Grazie per questo articolo, e per le interessanti idee.
domenico,
i geni Shh sono stati sequenziati nei vari organismi e se guarda le sigle, vedrà che rappresentano la classifica standard.
si potrebbe utilizzare un DNA di riferimento con tutte le combinazioni possibili
è il primo passo, spesso sotto forma di DNA barcoding, ma con tutte le combinazioni possibili non servirebbe a nulla.
I codici a barre sono nei database (gene libraries, per esempio quella della moscerina della frutta) e nelle riviste escono di continuo metodi matematici/statistici per estrarne informazioni utili.
—
alberto,
combinazione, oggi su Pikaia è uscito un bell’articolo sull’ibridazione/speciazione dei pesci ciclidi.
Oca
il caso della poliploidia è ben noto e relativamente diffuso nelle piante (al contrario che negli animali) ed infatti il Mallet riporta che tra le piante vascolari il 2-7% delle specie ha avuto questa origine. Solo che bisogna ricordarsi che le specie poliploidi sono riproduttivamente isolate dalle specie genitrici diploidi.

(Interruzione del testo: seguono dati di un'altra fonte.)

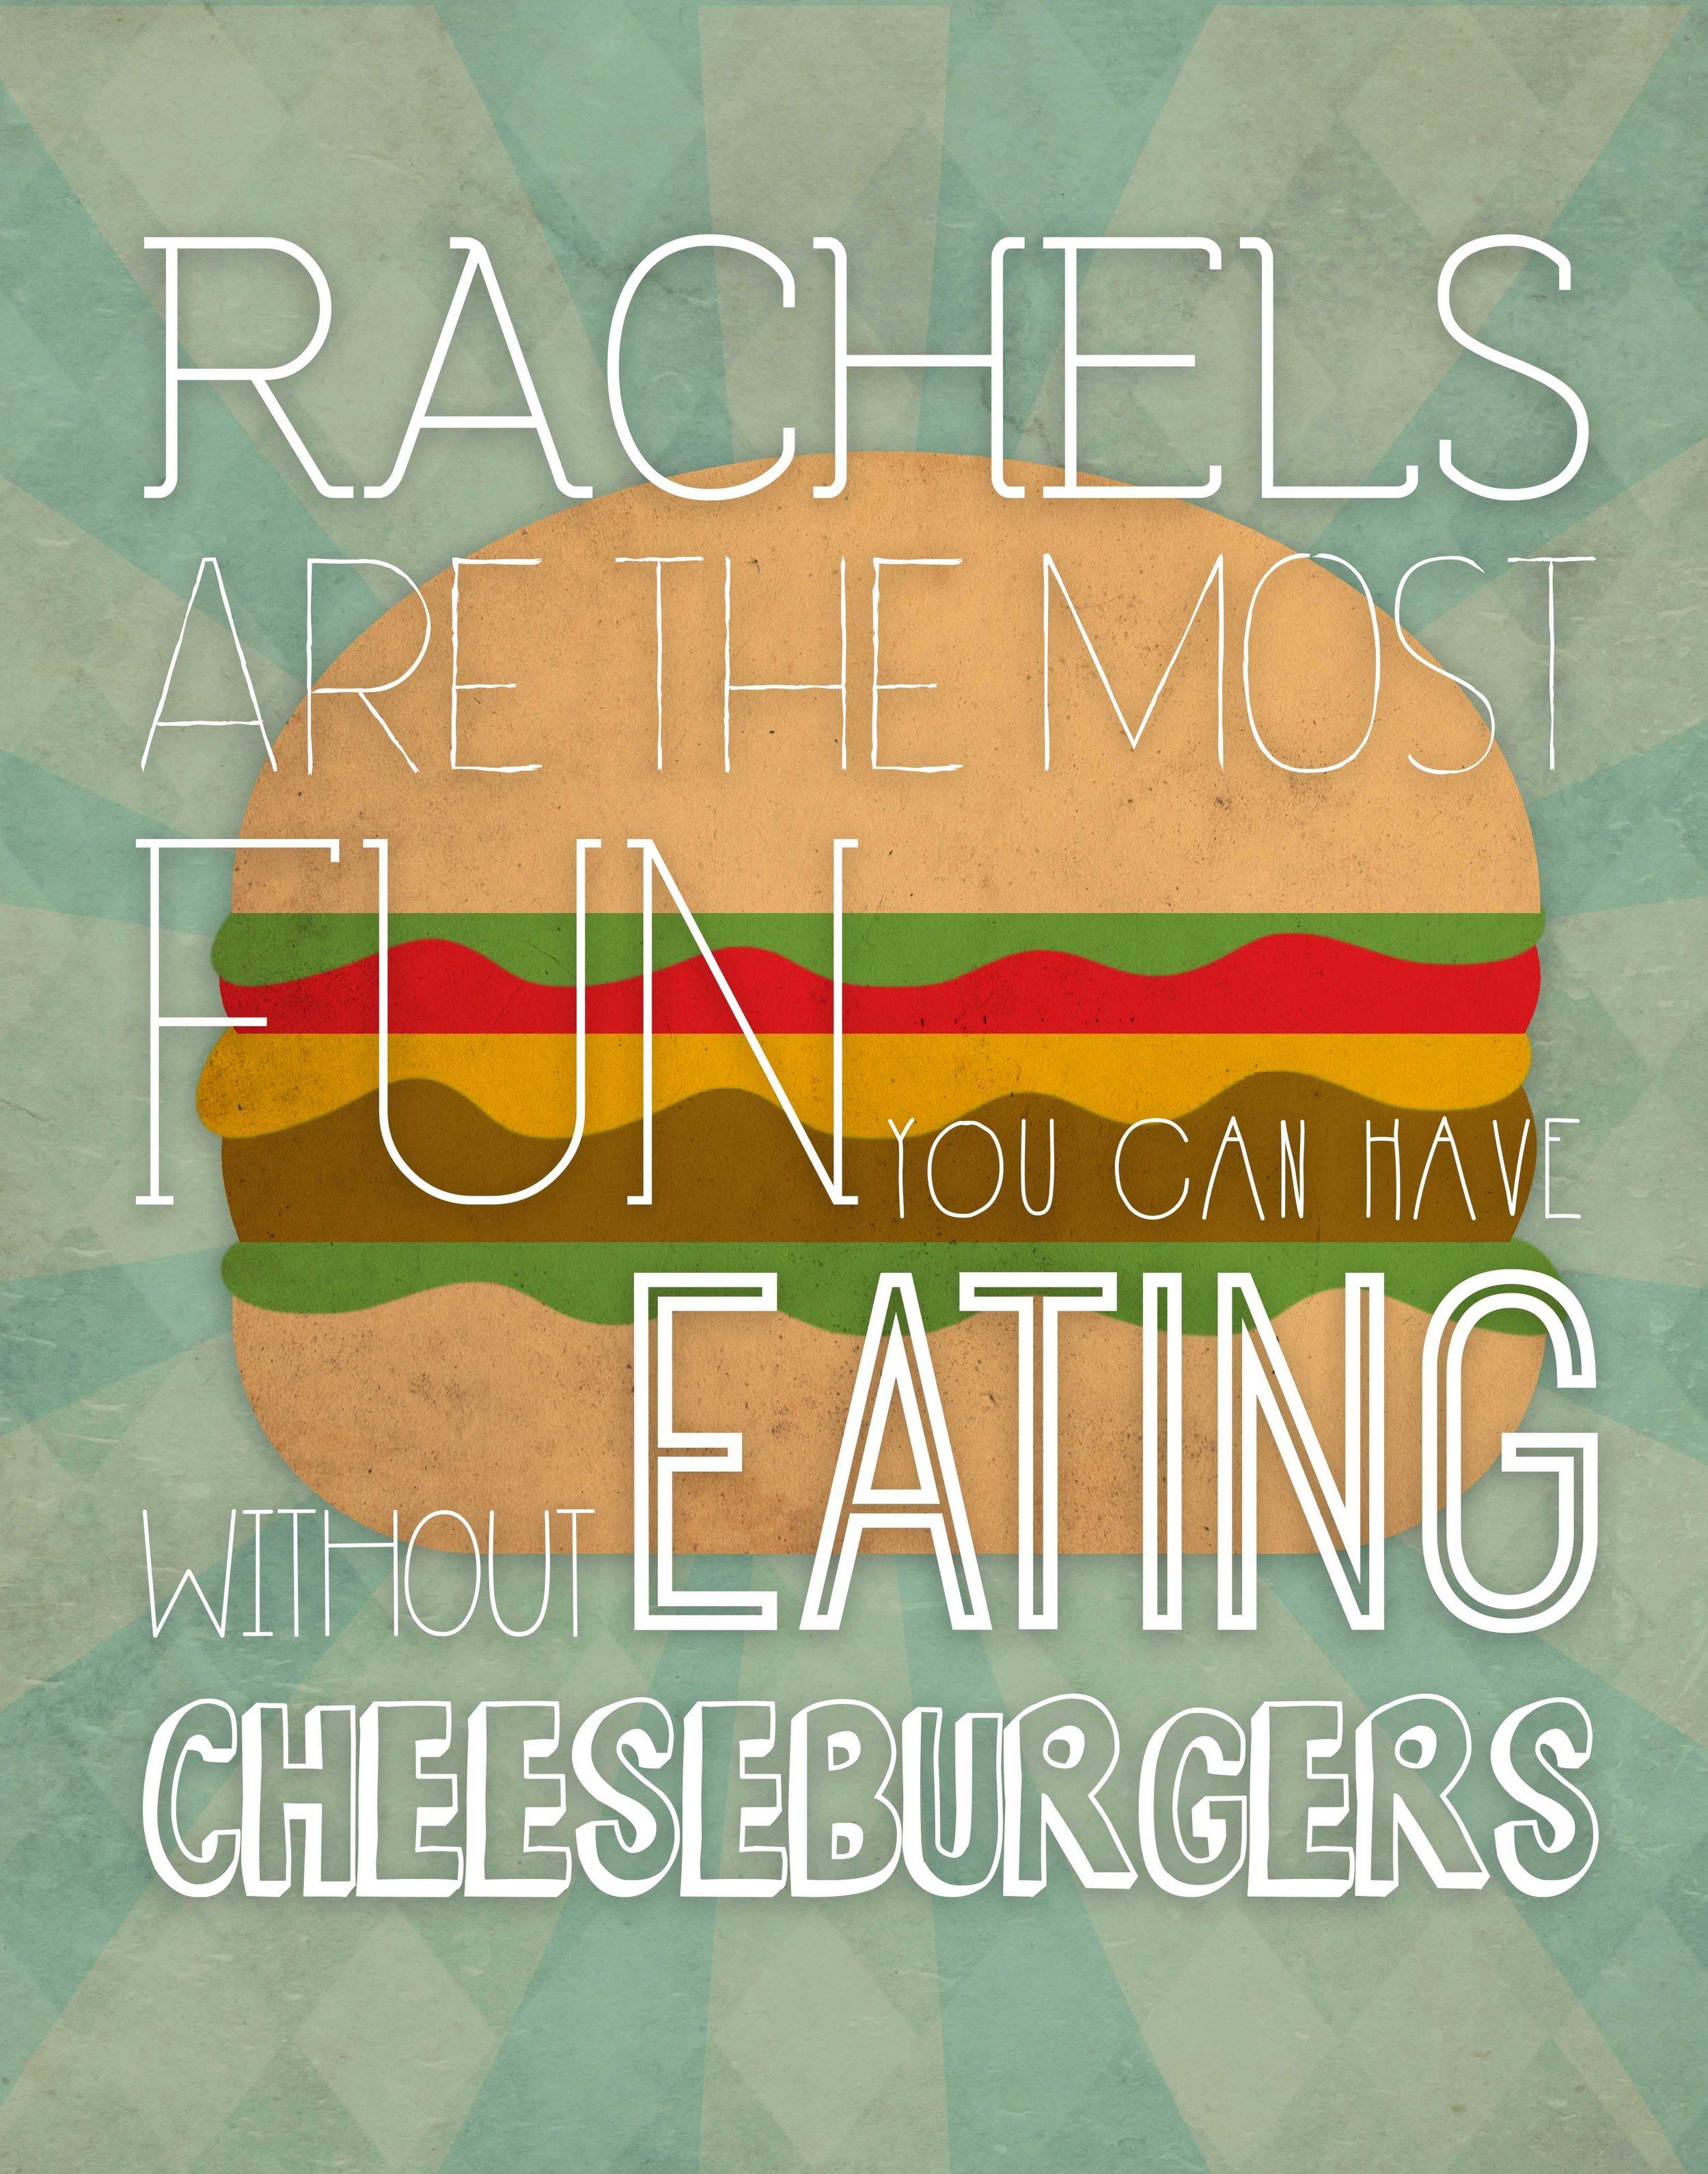 Rachels-low.jpg

Riguardo alla speciazione per ibridazione omoploide, nell’ articolo si parla del fatto che queste specie “COULD be abundant … but nonetheless there are A FEW convincing cases” (maiuscolo mio). Questa scarsità può dipendere dalla difficoltà nel dimostrare che è l’ ibridazione ad aver condotto alla speciazione e magari le analisi genomiche future cambieranno la situazione. Solo che ad oggi i dati verificati indicano qualche decina di specie di ibridi omoploidi (compresi i ciclidi tanto amati da Lorenz) rispetto a molte centinaia di migliaia (con una stima del numero di specie non ancora scoperte che varia tra i milioni e le decine di milioni) di specie complessive esistenti.

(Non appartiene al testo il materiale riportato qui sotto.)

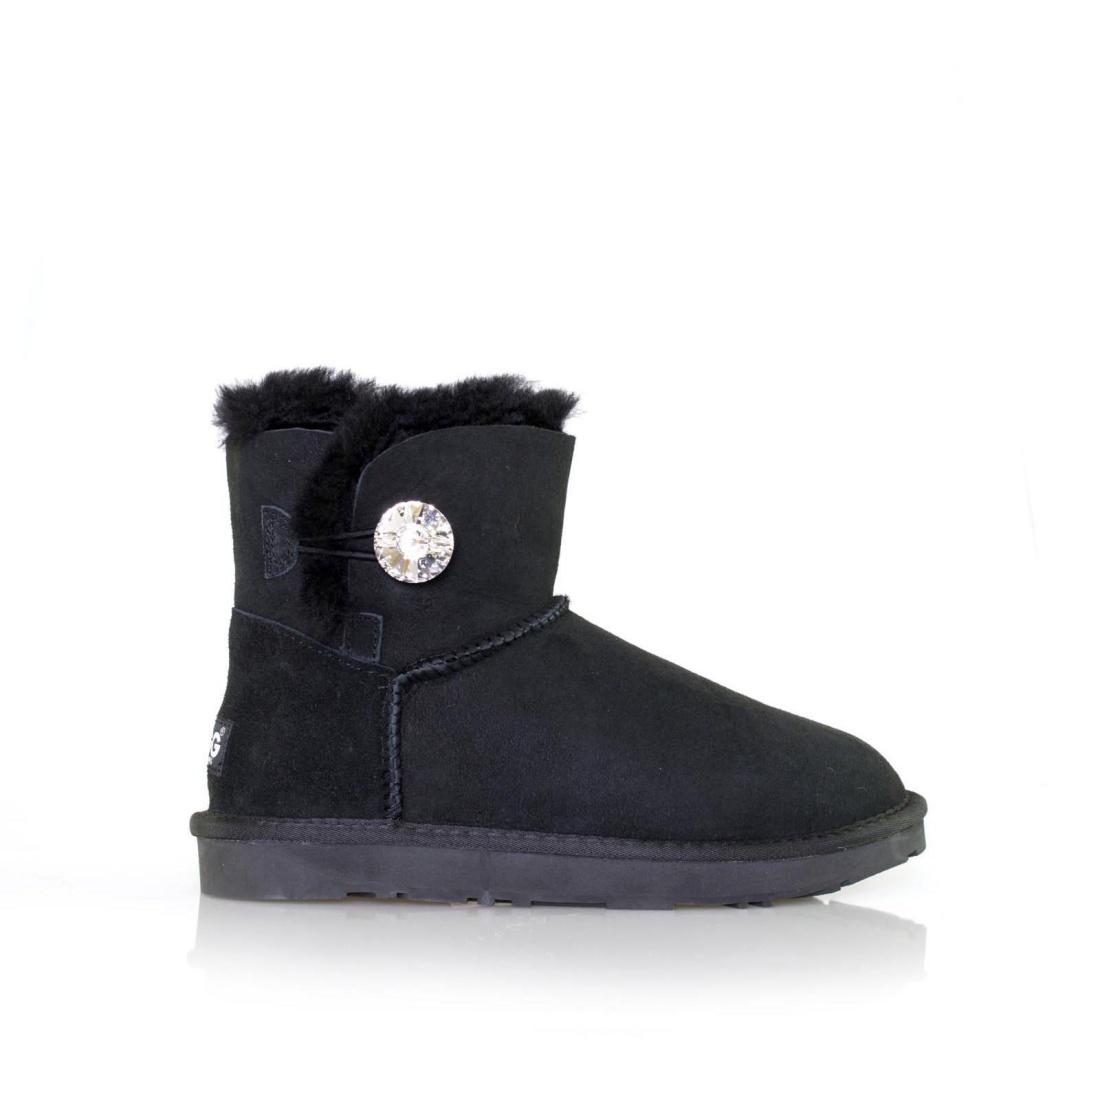 UGG Button Ankle Boots Mini - Black - AU Women 9 / Men 7

I numeri attuali parlano da soli, come pure, quanto ricordato dal Mallet, ossia che a fronte di un 10% circa di specie animali e 25% di piante che sono capaci di produrre individui ibridi con altre specie a livello di popolazioni “interspecific hybrids are of course unusual forming <0,1% of individuals in a typical population”.